The sounds of the sea
For the second year in a row, my daughter and I headed to the Shaw Festival to see a play that the critics had lambasted. Last year it was The Philanderer; this year You Never Can Tell. The latter was scorned as “over-the-top antics” by The Globe and Mail; The Star knocked it down for having an “overenthusiastic design team.” Both years the critics were wrong. The plays were a great success.
George Bernard Shaw still succeeds at what he set out to do more than a century ago. And that is shock the audience with non-conventional thinking and presentation. Director Jim Mezon ably captures both of those elements in this production.
After all, how many plays feature a dentist? Or a wise waiter? Or lines such as “The great advantage of a hotel is that it’s a refuge from home life.” Or shots such such as all marriages work well but only “from time to time”? Shaw is always at his best as a social commentator, particularly in his light-hearted works. In this case he touches on such eternal topics as feminism, marriage and the class structure in society, all of it under the umbrella of intellect versus emotion.

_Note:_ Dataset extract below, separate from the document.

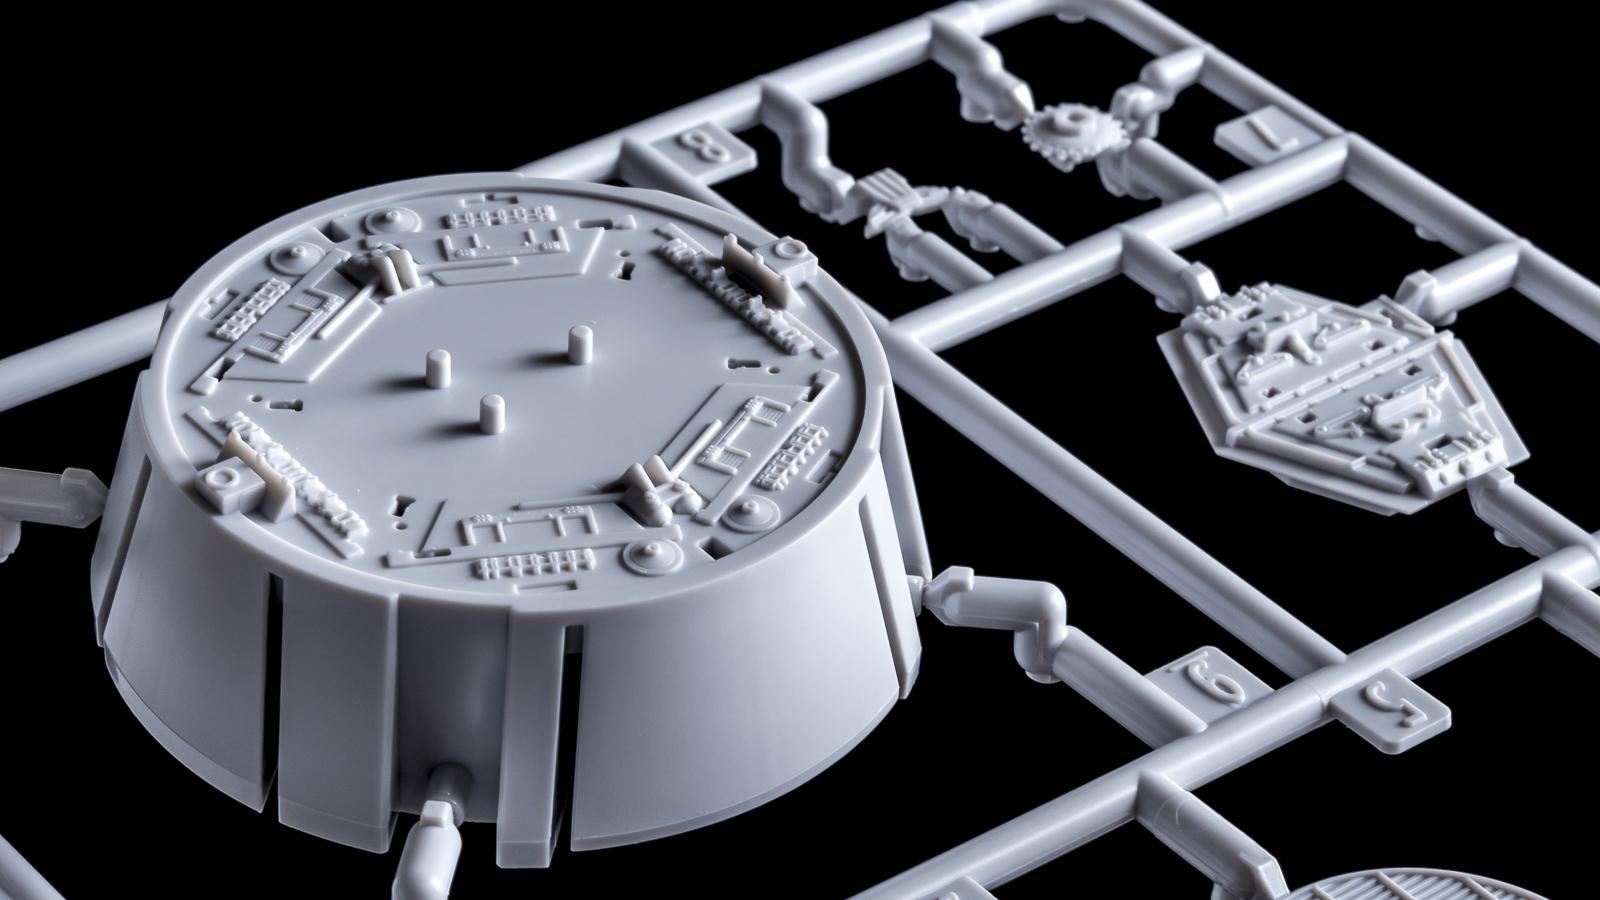 """「模型で作った模型の模型」、バンダイのミレニアムファルコンが持つ\""""パーフェクト\""""の意味【前編】_b0029315_00301394.jpg"""

Most important of all are Shaw’s words. The play takes place at the seaside and his words come at you – phrases, sentences, entire paragraphs, lengthy monologues – like wave after wave crashing onto the beach. In a self-indulgent age when too many people publish their shallow banalities, Shaw offers magnificent rhythms and reassuring sounds that remind us that deeper thoughts and well-wrought words still matter.
As for what the critics say, Shaw would be unsurprised by their misreadings. After all, you never can tell.